Did you realize that fetuses begin perceiving sounds while in the mother’s womb? Following birth, a baby’s auditory abilities progress as they observe the visages of individuals around them and absorb ambient sounds. Over time, they even begin mimicking these auditory stimuli. However, in case your infant doesn’t respond to noises, fails to awaken, or doesn’t react to the voices with smiles or babbling? Could this indicate a potential hearing loss in your baby? Hence, this blog is curated by Adro Hearing Aid, the best hearing aid centre in Chennai, exploring the essential things about congenital hearing loss.
What Does Congenital Hearing Impairment Mean?
The congenital hearing impairment is defined as the hearing inability by an individual right from the time of birth. There are many factors that contribute to the hearing impairment at the time of birth due to the premature birth condition or infections by viruses such as herpes simplex virus or rubella Apart from viruses and premature birth condition, there are also certain syndromes due to the disorder in the baby’s genetics, affecting baby’s hearing.
Genetic Disorders Leading to Congenital Hearing Impairment:
Alport Syndrome:
This genetic condition manifests as progressive hearing loss, resulting from inner ear abnormalities, alongside eye defects and kidney disease.
Goldenhar’s Syndrome:
It is one of the rare genetic disorders in infants causing impairment in eyesight and hearing, or both. Babies with Goldenhar’s Syndrome have congenital aural atresia where the ear canal inside the ear is not found leading to congenital hearing impairment.
Waardenburg Syndrome:
In the Waardenburg Syndrome, the infant’s hearing ability, skin, hair, and the iris is affected. However, hearing loss ranges from moderate to profound, occurring either in both or one ear.
Crouzon Syndrome:
Babies with this syndrome exhibit dental issues and external or middle ear malformations.

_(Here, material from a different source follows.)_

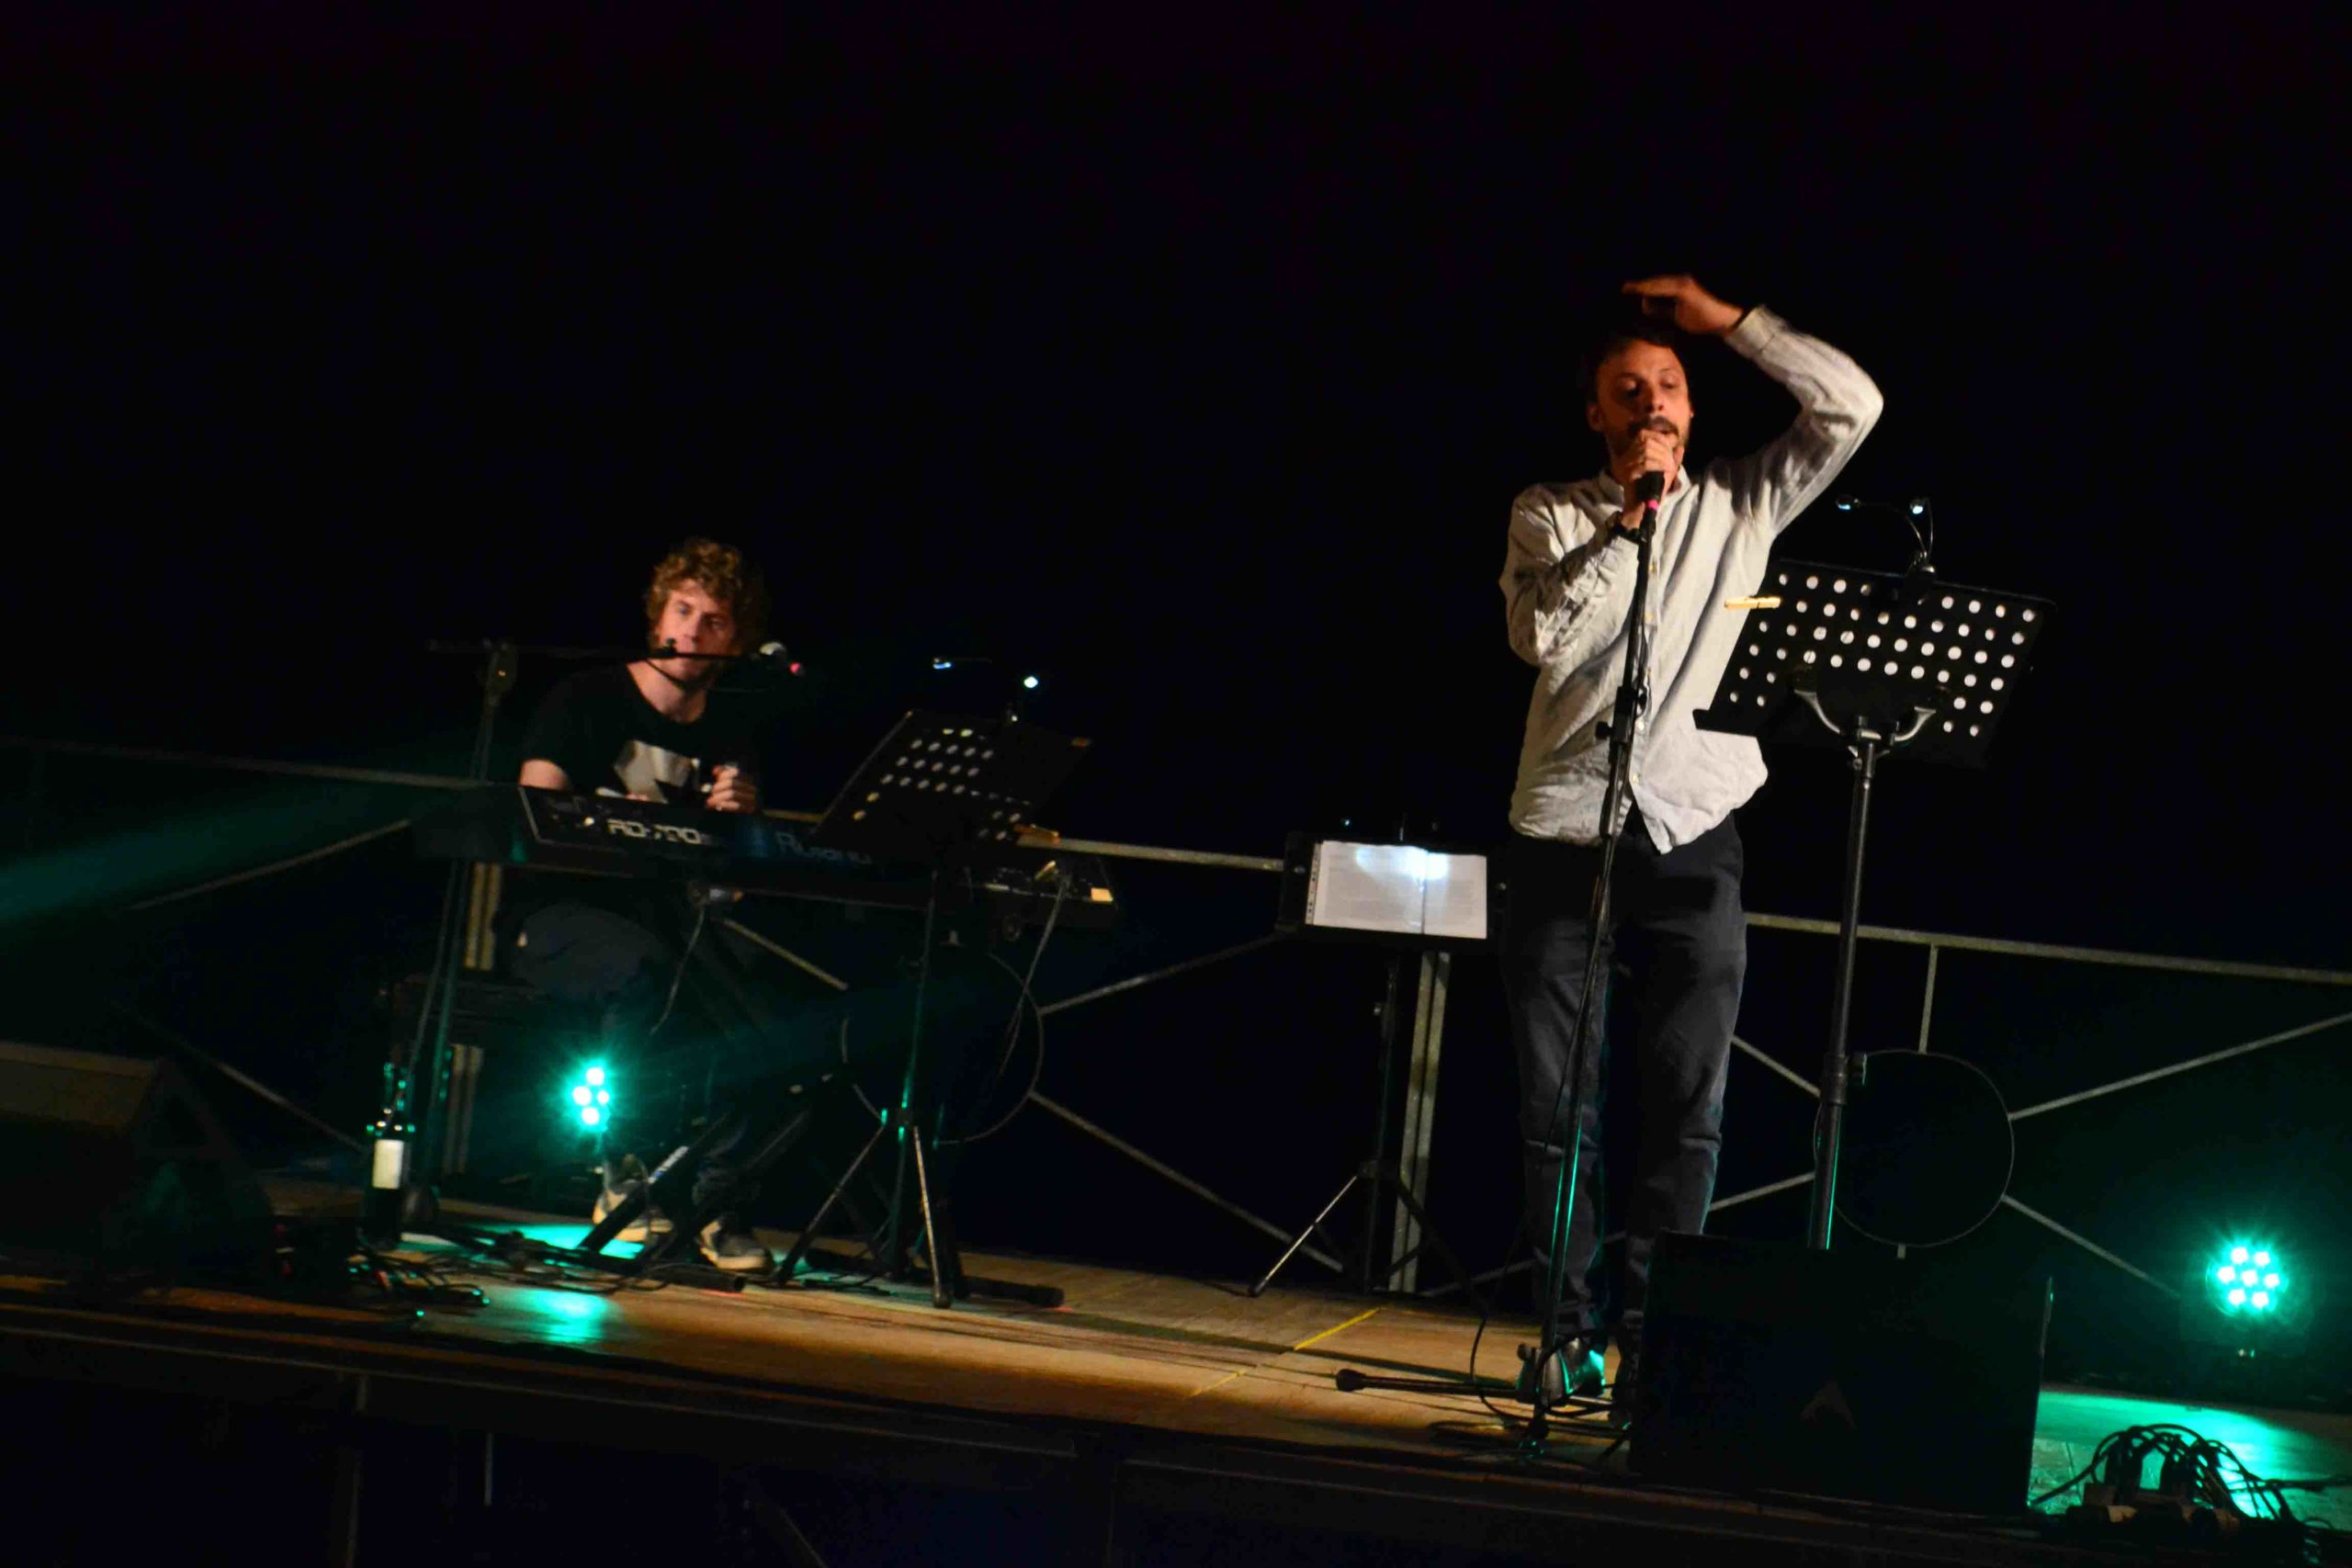 Lodo Guenzi e Federico Borghesi sul palco

Treacher Collins Syndrome (TCS):
TCS symptoms range from mild to severe, with cases where one parent’s symptoms are subtle. However, more pronounced symptoms may appear when the genes are passed down to their offspring. Moreover, 30-50 percent of affected children may experience profound hearing loss due to TCS.
Down Syndrome:
Newborns with Down’s syndrome have an increased likelihood of permanent hearing loss in their inner ears genetically. It is found in many studies that around 38-78 percent of infants hearing loss is attributed with Down syndrome.
Diagnosis Of Congenital Hearing Loss
In general, hearing impairment is examined by physical examination or through the response of others calling. However, it is not easy to identify the hearing impairment in the newborns and it can lead to late treatment. The following are the methods through which one can diagnose congenital hearing loss in newborns,
Genome-Scope Newborn Sequencing
The Genome-scope newborn sequencing is the next-gen advanced technology to test the genes of the infants who have hearing loss as they can be the carrier of any genetic syndrome despite the parents having normal hearing. The testing is very simple yet offers comprehensive results. In this testing, around 1500 genes of the newborns are tested and analyzed as per the symptoms.
Treatment For Congenital Hearing Loss
The congenital hearing loss treatment typically begins before a child reaches six months of age, considering various factors such as age, behavior, personality, and the child’s developmental level. The severity of hearing loss is also a crucial consideration. Following a comprehensive analysis, the doctor may suggest various medical interventions such as ear tubes, devices of hearing, medications such as antibiotics, or surgical procedures.
Hearing loss may manifest in a newborn with or without a family history. Families may exhibit varying degrees of prevalence, with some having multiple affected individuals while others may have only one child with hearing loss. Therefore, the diagnosis from the best hearing aid centre in Nagercoil, Trichy, or Chennai becomes crucial in determining the appropriate approach and medical interventions for addressing hearing loss or any associated genetic abnormalities.